Again - replication was *working* with the exception of block of rows
from one (so far it never happened on more than one) table that was
missing.

Best regards,

depesz

Re: Logical replication is missing block of rows when sending initial sync?

From

Amit Kapila

Date:

03 November 2023, 03:39:12

On Thu, Nov 2, 2023 at 4:53 PM hubert depesz lubaczewski
<depesz@depesz.com> wrote:
>
> On Thu, Nov 02, 2023 at 10:17:13AM +0900, Kyotaro Horiguchi wrote:
> > At Mon, 30 Oct 2023 07:10:35 +0000, "Hayato Kuroda (Fujitsu)" <kuroda.hayato@fujitsu.com> wrote in
> > > I've tried, but I could not reproduce the failure. PSA the script what I did.
> >
> > I'm not well-versed in the details of logical replication, but does
> > logical replication inherently operate in such a way that it fully
> > maintains relationships between tables? If not, isn't it possible that
> > the issue in question is not about missing referenced data, but merely
> > a temporary delay?
>
> The problem is that date that appeared *later* was visible on the
> subscriber. Data that came earlier was visible too. Just some block of
> data got, for some reason, skipped.
>

Quite strange. I think to narrow down such a problem, the first thing
to figure out is whether the data is skipped by initial sync or later
replication. To find that out, you can check remote_lsn value in
pg_replication_origin_status for the origin used in the initial sync
once the relation reaches the 'ready' state. Then, you can try to see
on the publisher side using pg_waldump whether the missing rows exist
before the value of remote_lsn or after it. That can help us to narrow
down the problem and could give us some clues for the next steps.

--
With Regards,
Amit Kapila.

Re: Logical replication is missing block of rows when sending initial sync?

From

hubert depesz lubaczewski

Date:

03 November 2023, 12:04:57

On Fri, Nov 03, 2023 at 09:09:12AM +0530, Amit Kapila wrote:
> On Thu, Nov 2, 2023 at 4:53 PM hubert depesz lubaczewski
> <depesz@depesz.com> wrote:
> >
> > On Thu, Nov 02, 2023 at 10:17:13AM +0900, Kyotaro Horiguchi wrote:
> > > At Mon, 30 Oct 2023 07:10:35 +0000, "Hayato Kuroda (Fujitsu)" <kuroda.hayato@fujitsu.com> wrote in
> > > > I've tried, but I could not reproduce the failure. PSA the script what I did.
> > >
> > > I'm not well-versed in the details of logical replication, but does
> > > logical replication inherently operate in such a way that it fully
> > > maintains relationships between tables? If not, isn't it possible that
> > > the issue in question is not about missing referenced data, but merely
> > > a temporary delay?
> >
> > The problem is that date that appeared *later* was visible on the
> > subscriber. Data that came earlier was visible too. Just some block of
> > data got, for some reason, skipped.
> >
> 
> Quite strange. I think to narrow down such a problem, the first thing
> to figure out is whether the data is skipped by initial sync or later
> replication. To find that out, you can check remote_lsn value in
> pg_replication_origin_status for the origin used in the initial sync
> once the relation reaches the 'ready' state. Then, you can try to see
> on the publisher side using pg_waldump whether the missing rows exist
> before the value of remote_lsn or after it. That can help us to narrow
> down the problem and could give us some clues for the next steps.

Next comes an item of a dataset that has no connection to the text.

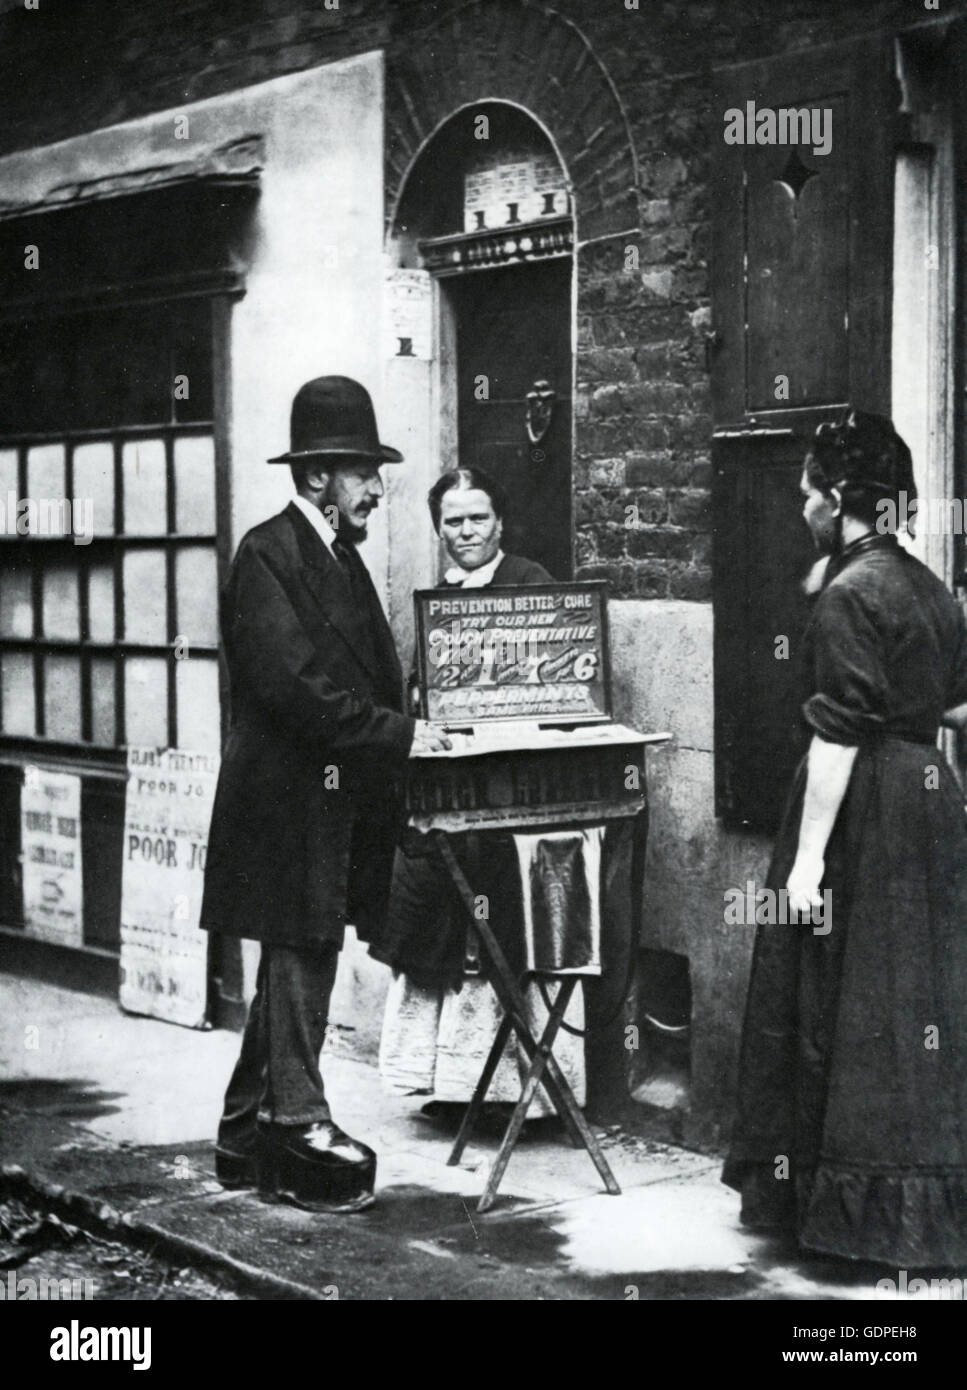 LONDON STREET PEDDLER in platform shoes shows off his cough medicines about 1862 in a poor area. The poster at left advertises a showing of 'Poor Joe' and other works by pioneering photographer Oscar Rejlander  at the Glass Theatre Stock Photo
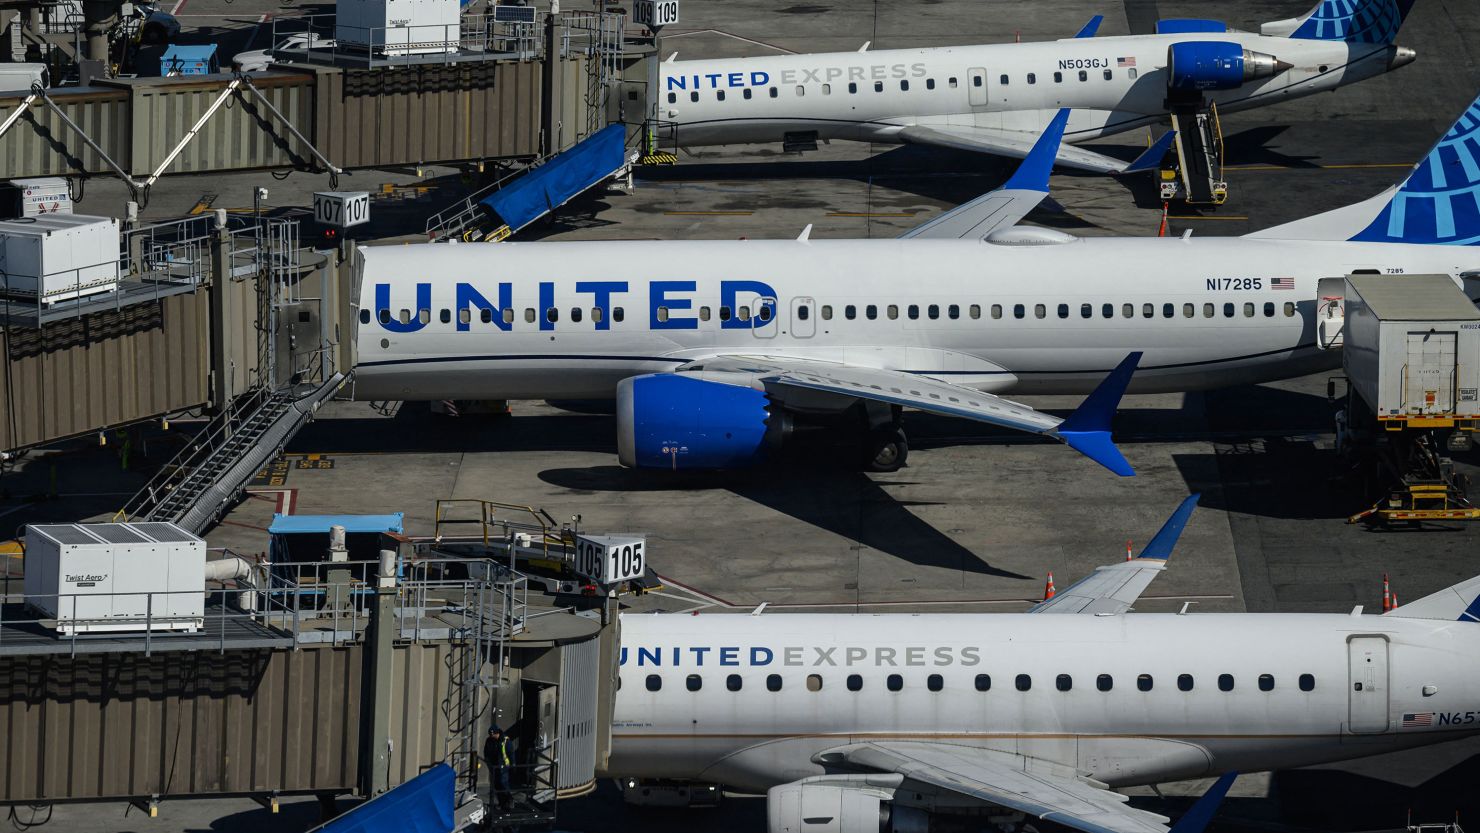 United Airlines planes parked at Newark Liberty International Airport in Newark, New Jersey.

I will be prepping another set of clusters to upgrade soon, will try to
get some more data. The window to work on the bad data isn't long,
though.

Best regards,

depesz

Re: Logical replication is missing block of rows when sending initial sync?

From

Tomas Vondra

Date:

03 November 2023, 12:20:22


On 11/3/23 13:04, hubert depesz lubaczewski wrote:
> On Fri, Nov 03, 2023 at 09:09:12AM +0530, Amit Kapila wrote:
>> On Thu, Nov 2, 2023 at 4:53 PM hubert depesz lubaczewski
>> <depesz@depesz.com> wrote:
>>>
>>> On Thu, Nov 02, 2023 at 10:17:13AM +0900, Kyotaro Horiguchi wrote:
>>>> At Mon, 30 Oct 2023 07:10:35 +0000, "Hayato Kuroda (Fujitsu)" <kuroda.hayato@fujitsu.com> wrote in
>>>>> I've tried, but I could not reproduce the failure. PSA the script what I did.
>>>>
>>>> I'm not well-versed in the details of logical replication, but does
>>>> logical replication inherently operate in such a way that it fully
>>>> maintains relationships between tables? If not, isn't it possible that
>>>> the issue in question is not about missing referenced data, but merely
>>>> a temporary delay?
>>>
>>> The problem is that date that appeared *later* was visible on the
>>> subscriber. Data that came earlier was visible too. Just some block of
>>> data got, for some reason, skipped.
>>>
>>
>> Quite strange. I think to narrow down such a problem, the first thing
>> to figure out is whether the data is skipped by initial sync or later
>> replication. To find that out, you can check remote_lsn value in
>> pg_replication_origin_status for the origin used in the initial sync
>> once the relation reaches the 'ready' state. Then, you can try to see
>> on the publisher side using pg_waldump whether the missing rows exist
>> before the value of remote_lsn or after it. That can help us to narrow
>> down the problem and could give us some clues for the next steps.
> 
> I will be prepping another set of clusters to upgrade soon, will try to
> get some more data. The window to work on the bad data isn't long,
> though.
> 

I think it'd be interesting to know:

1) Commit LSN for the missing rows (for the xmin).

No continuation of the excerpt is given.